There is a woman in the suburbs of Chicago, Skokie, who is dear to my heart. Joyce Levy, a hippie at heart, has a brilliant mind, a spirit of fire, a passion for textiles, and often lies bed-ridden, imprisoned in a body that has survived cancer but is now tortured by lymphoedema. I met Joyce many years ago when I was teaching quilting at the Textile Arts Centre, a now-defunct wonderful Chicago institution. She had served on the board there and later commissioned me to do four quilts for her.
You see, Joyce was not the only one to fight cancer in her family. Her brother and only sibling, Bruce, was taken by the disease. The quilts Joyce commissioned honored Bruce whom she dearly loved. Bruce was a minimalist and little of earthly possessions. But, one thing he had a lot of was t-shirts. Mostly nature themes, some academic ones and some funny ones. My job was to take these shirts and make them into quilts for Bruce's widow, Leslie, his parents, his best friend and finally, one for Joyce.

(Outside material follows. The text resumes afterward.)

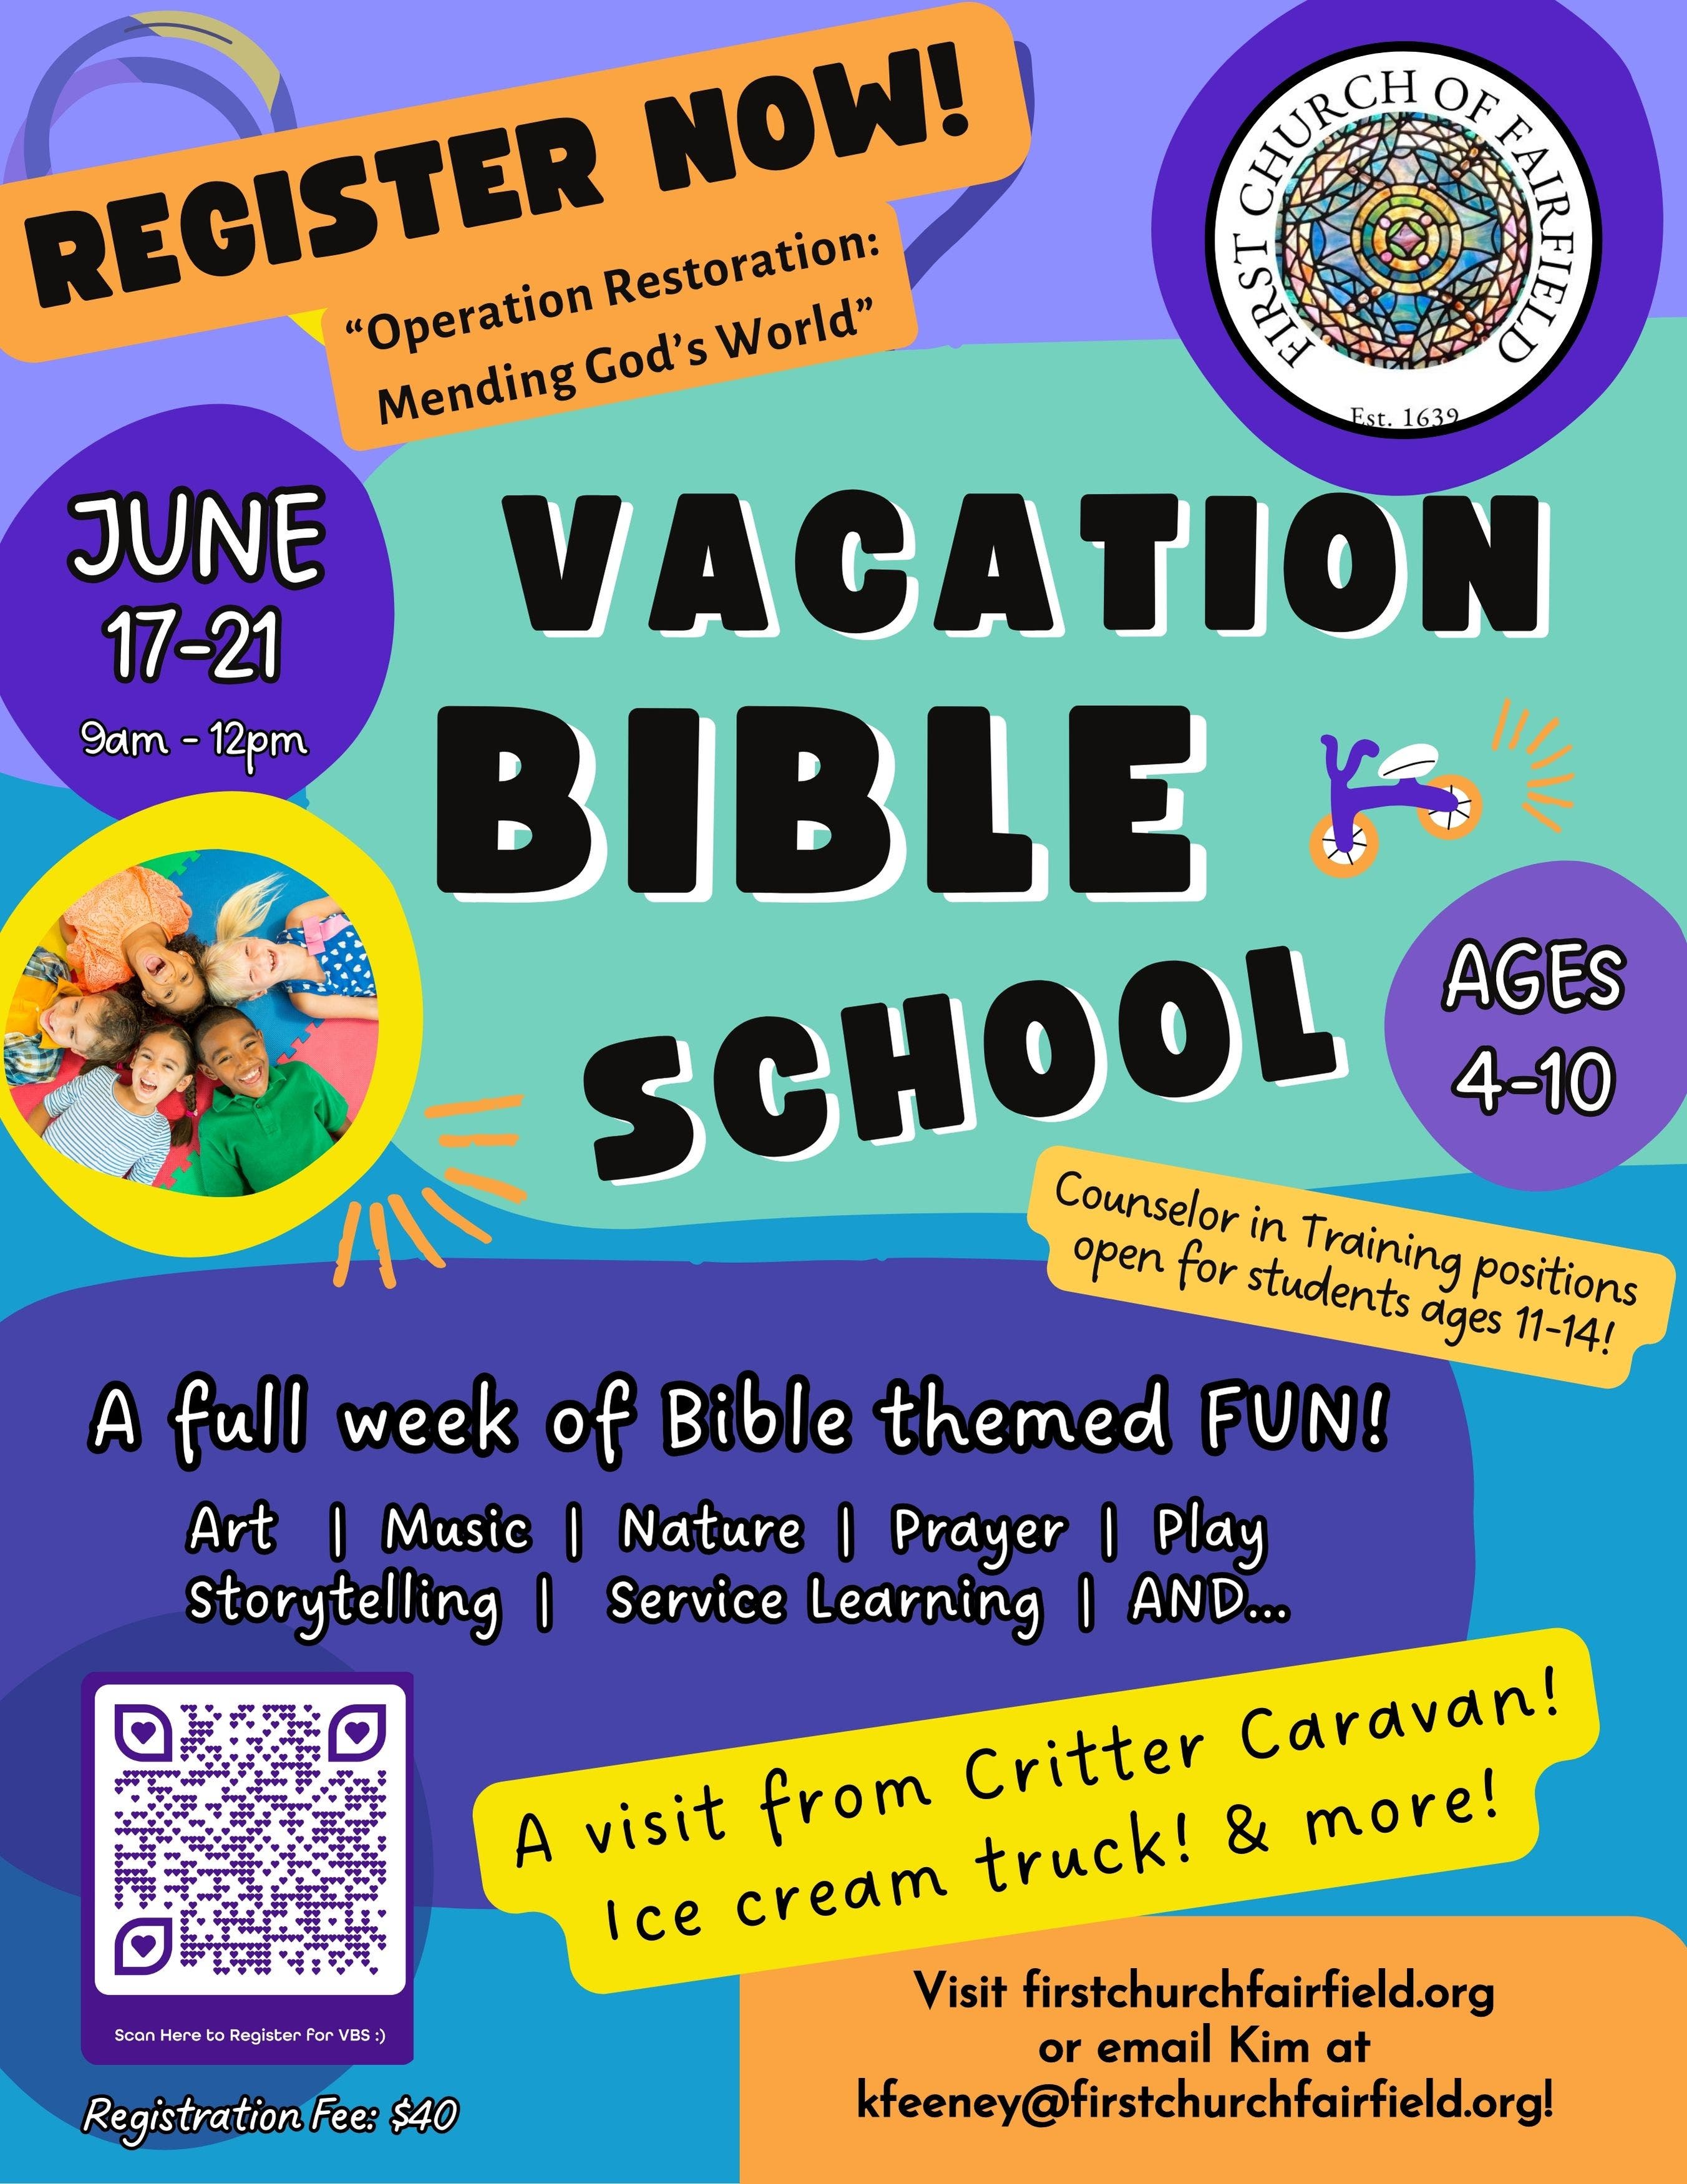 First Church Fairfield Vacation Bible School - SIGN UP TODAY - $40 for the week!

I was on a roll with the first three. I found that I didn't like working with the t-shirt fabric much and had to use stabilizers to keep them firm and in place. This thickened the fabrics and made quilting them more challenging. I didn't even quilt the first one, for their parents:
Notice how the back sags when it is hung if there is no quilting. In the second one, I used bark cloth and tied the pieces together. I don't have photos of that one, but it was interesting. That one went to his best friend. The third one was for Leslie, Bruce's wife. She didn't want one that was too big, so the project was fairly easy. I did hand quilt this one, following simple lines around the panels. The photo below shows Joyce on the left and Leslie on the right with the front and back of the quilt:
Now, for Joyce's quilt. As she became progressively more incapacitated by the pain inflicted by her condition, she spent more time in bed. She wanted a quilt that she could use and that would be dominated by her favorite color, purple. I got the top and back pretty much finished. That was more than FIVE years ago!!! My life got complicated with my floundering gallery business, I decided I wanted to move from Chicago, had to figure out where to go, how to do it, we closed the gallery, had to get part time work while I went through 20 years of stuff, finally moved, had her quilt in a box forever, and then finally got it finished recently.
You would think that someone might get a bit peeved when they had fully paid for a project and not received it for all this time. Not Joyce. Instead, she hired me for some part-time work during that transitional period between closing the gallery and moving to Paducah. Joyce has a huge collection of Edward Gorey books.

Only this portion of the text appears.